The Woo-Woo: How I Survived Ice Hockey, Drug Raids, Demons, and My Crazy Chinese Family
★★★☆☆ Unpleasant to read. Wong’s paints her recollections in lurid, sensational, and vindictive grotesqueness.
The Plague
★★★★★ This book pre-dated and predicted the pandemic, manipulating the ruptures and revelations of a fictional plague event to comment on contemporary life and society. This book is set in my hometown of Vancouver and is deliciously local.
Trick Mirror: Reflections on Self-Delusion
★★★★☆ Jia Tolentino is my absolute favourite cultural critic and essayist. She speaks to me and on topics I care about with such acerbic clarity and personality.
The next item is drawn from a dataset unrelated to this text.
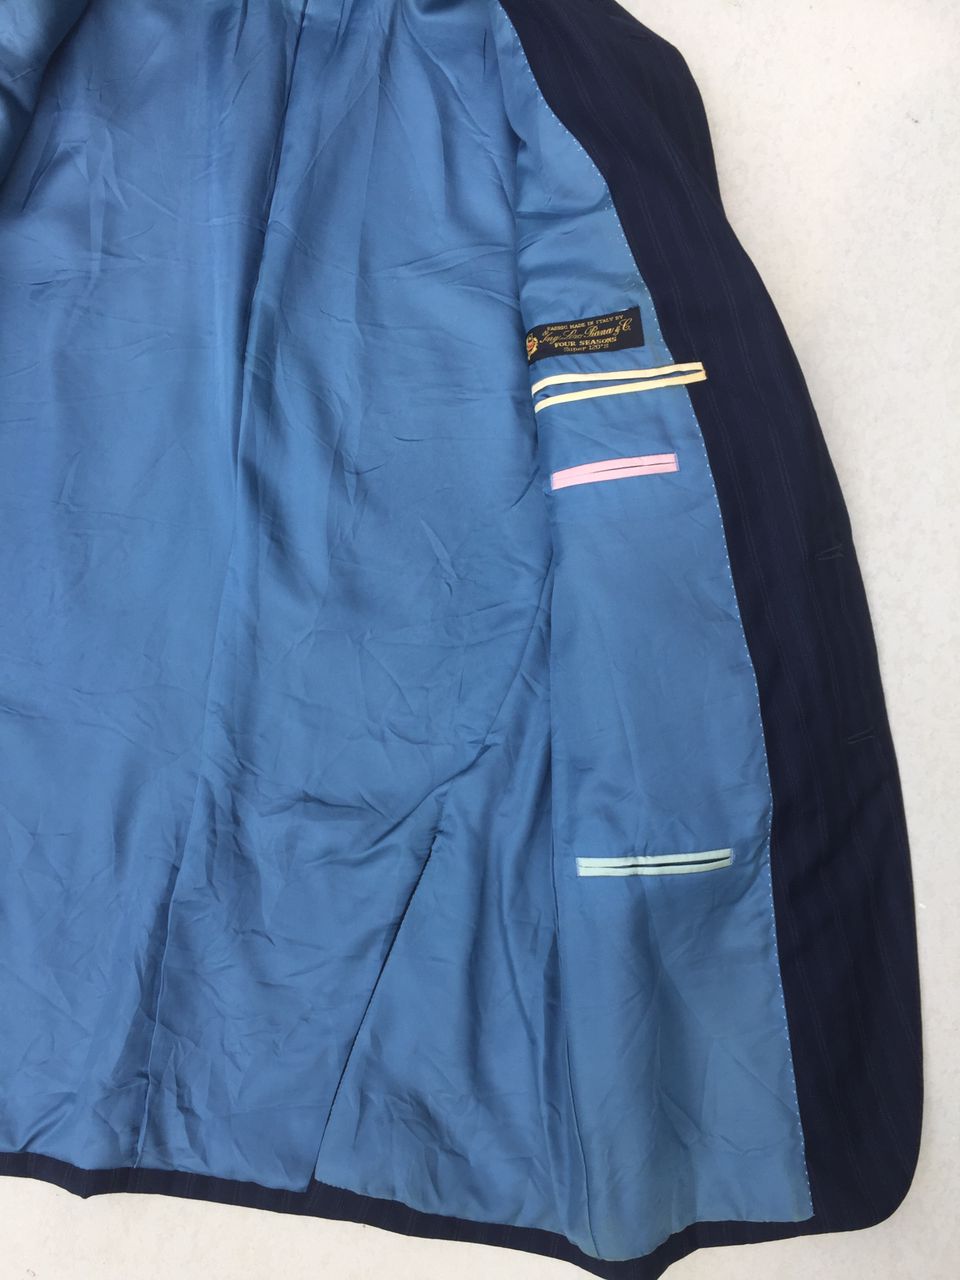 Paul Smith Loro Piana Blazer Suit stripe navy - 11
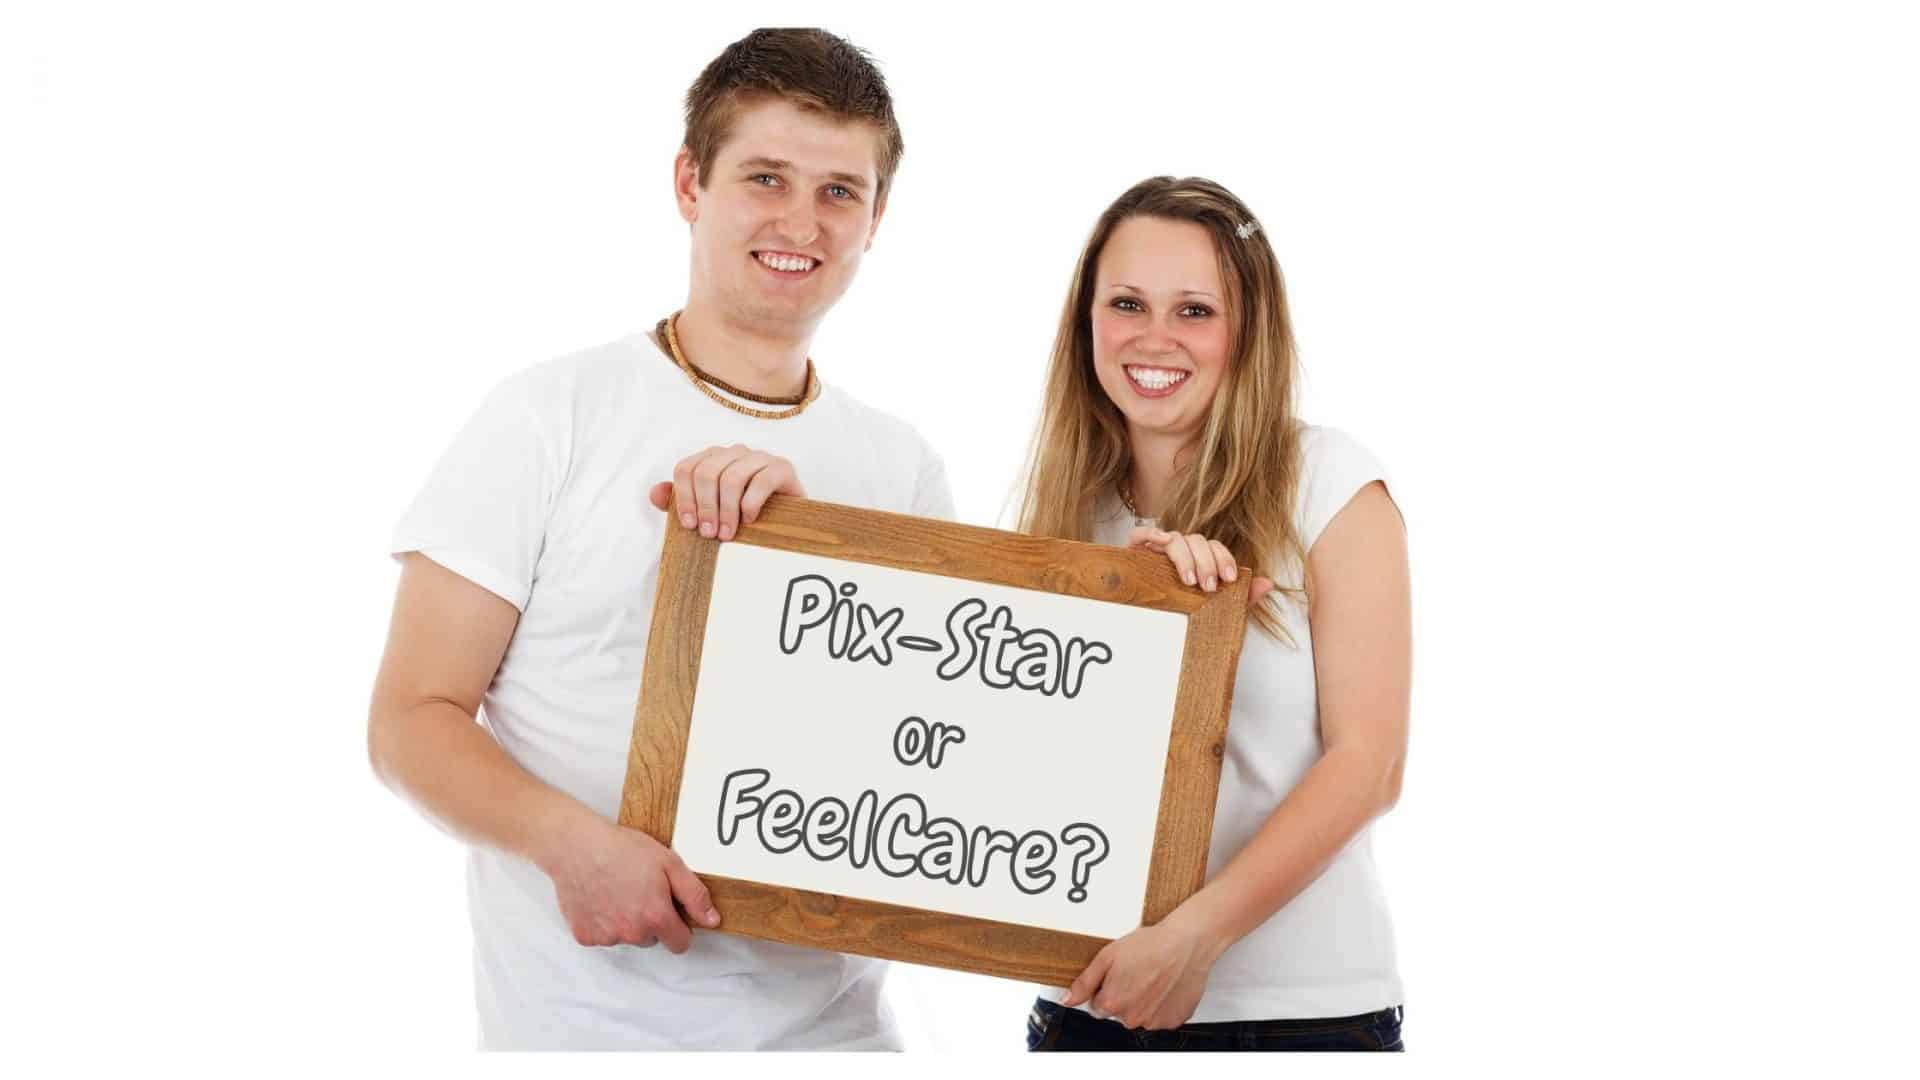 Molduras Pix-Star vs FeelCare

My favourite essays from this collection…
Molly's Game: From Hollywood's Elite to Wall Street's Billionaire Boys Club, My High-Stakes Adventure in the World of Underground Poker
★★★★☆ Devoured this in a day after re-watching the movie recently, because I was interested in Molly Bloom and also wanted the dirt on the celebs she names. Not quite as self-critical as I personally would’ve preferred and more than a little self-congratulatory/self-absolving in the end.
The Memory Police
This book is kind of a nesting doll of allegories and allegorical literature. The main character is a novelist who starts off writing a romance between a typing teacher and student that sharply turns in the middle of her writing into a magical realist horror.